Peter Bishop steps up by going to Nina Sharp who has no problem helping take down Esterbrook given he works for a rival company of Massive Dynamic, giving him the location of the second missing woman. Olivia leads a team of agents and storms the building, rescuing the woman and apprehending Esterbrook. Despite his threats to ruin her life she confidently marches him out in cuffs in front of the media that she has tipped off.
“The Cure” is the weakest episode of Fringe so far, not necessarily because of its content but due to a sense of redundancy. The show feels like trying to start a car on a cold night, where you have to let it run for twenty minutes before you can drive it anywhere. And I understand why the show runners felt this conservative approach was necessary, when presenting such strange characters and bizarre situations they were likely scared to wade too deeply into their narrative, thinking that a slower pace was needed to not overwhelm the audience. Having experienced the story once already I know that the show will eventually find some traction, but I can see why audiences began to grow weary of it during its original airing. “The Cure” is still a great episode, but with all the references to The Pattern its now time for us to see that come into play.

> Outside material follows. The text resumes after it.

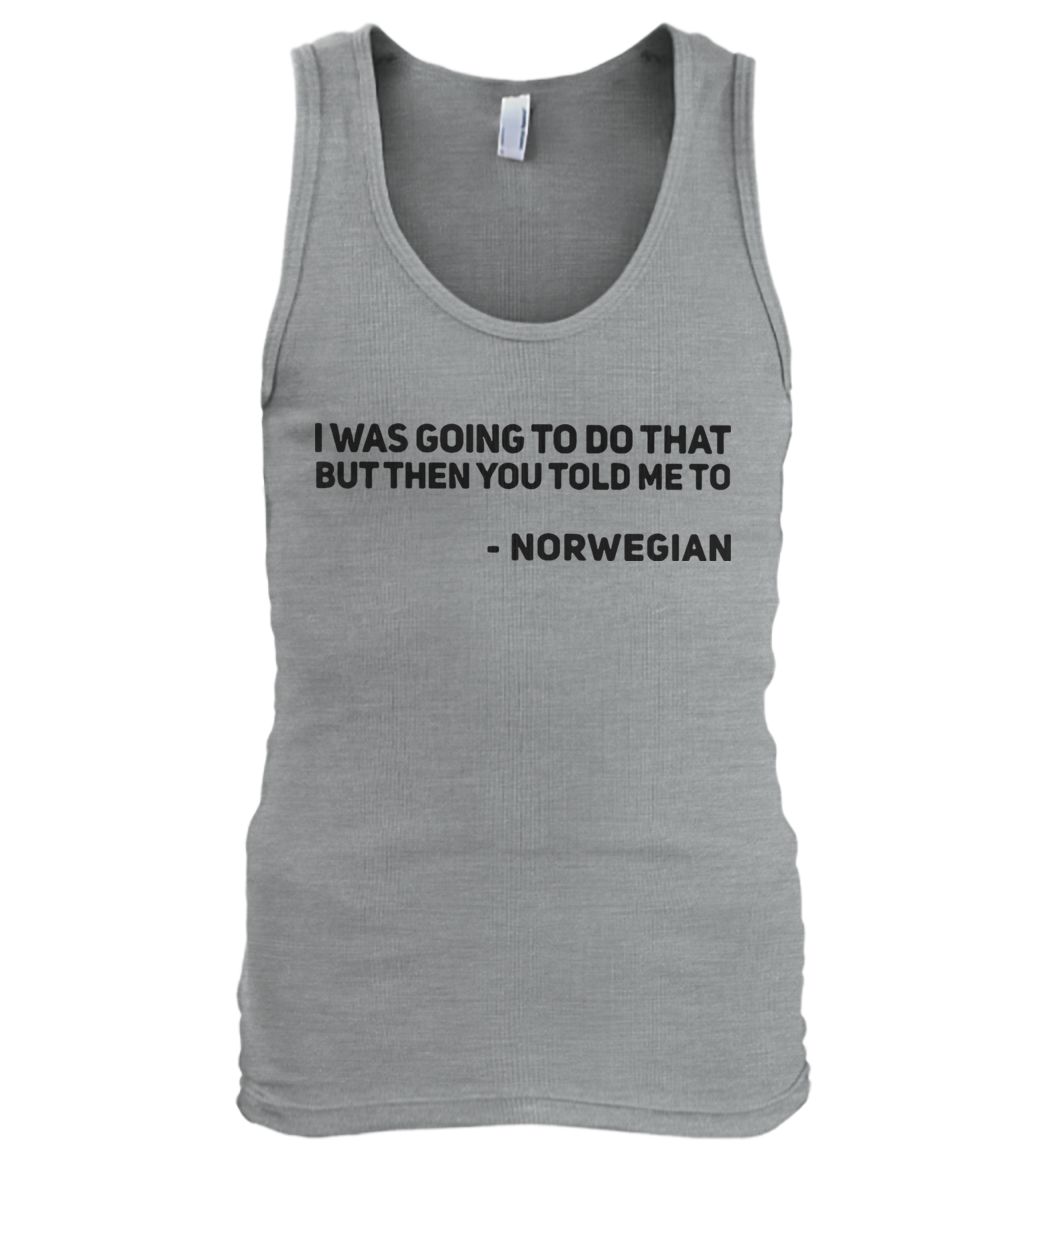 I was going to do that but then you told me to norwegian men's tank top

While the radioactive people mystery is good the real strength of “The Cure” is in the exploration of Olivia’s back story. We learn that she had an abusive stepfather whose behavior eventually grew bad enough that she shot him when she was nine, and since he survived the attack he remains a source of anxiety for her. She hasn’t seen him in decades but he amuses himself by sending her a birthday card each year in what he considers a playful reminder to her that he’s still out there. The episode teases us by having a card not show up in her work mail this year, only to have her come home and find it in her personal mail. While this subplot gets very little airtime it’s effective at explaining why Olivia puts so much emotion into the cases she works on, which is something she considers to be one of her greatest strengths.
Observer Sighting: In the background while Olivia and Esterbrook have drinks.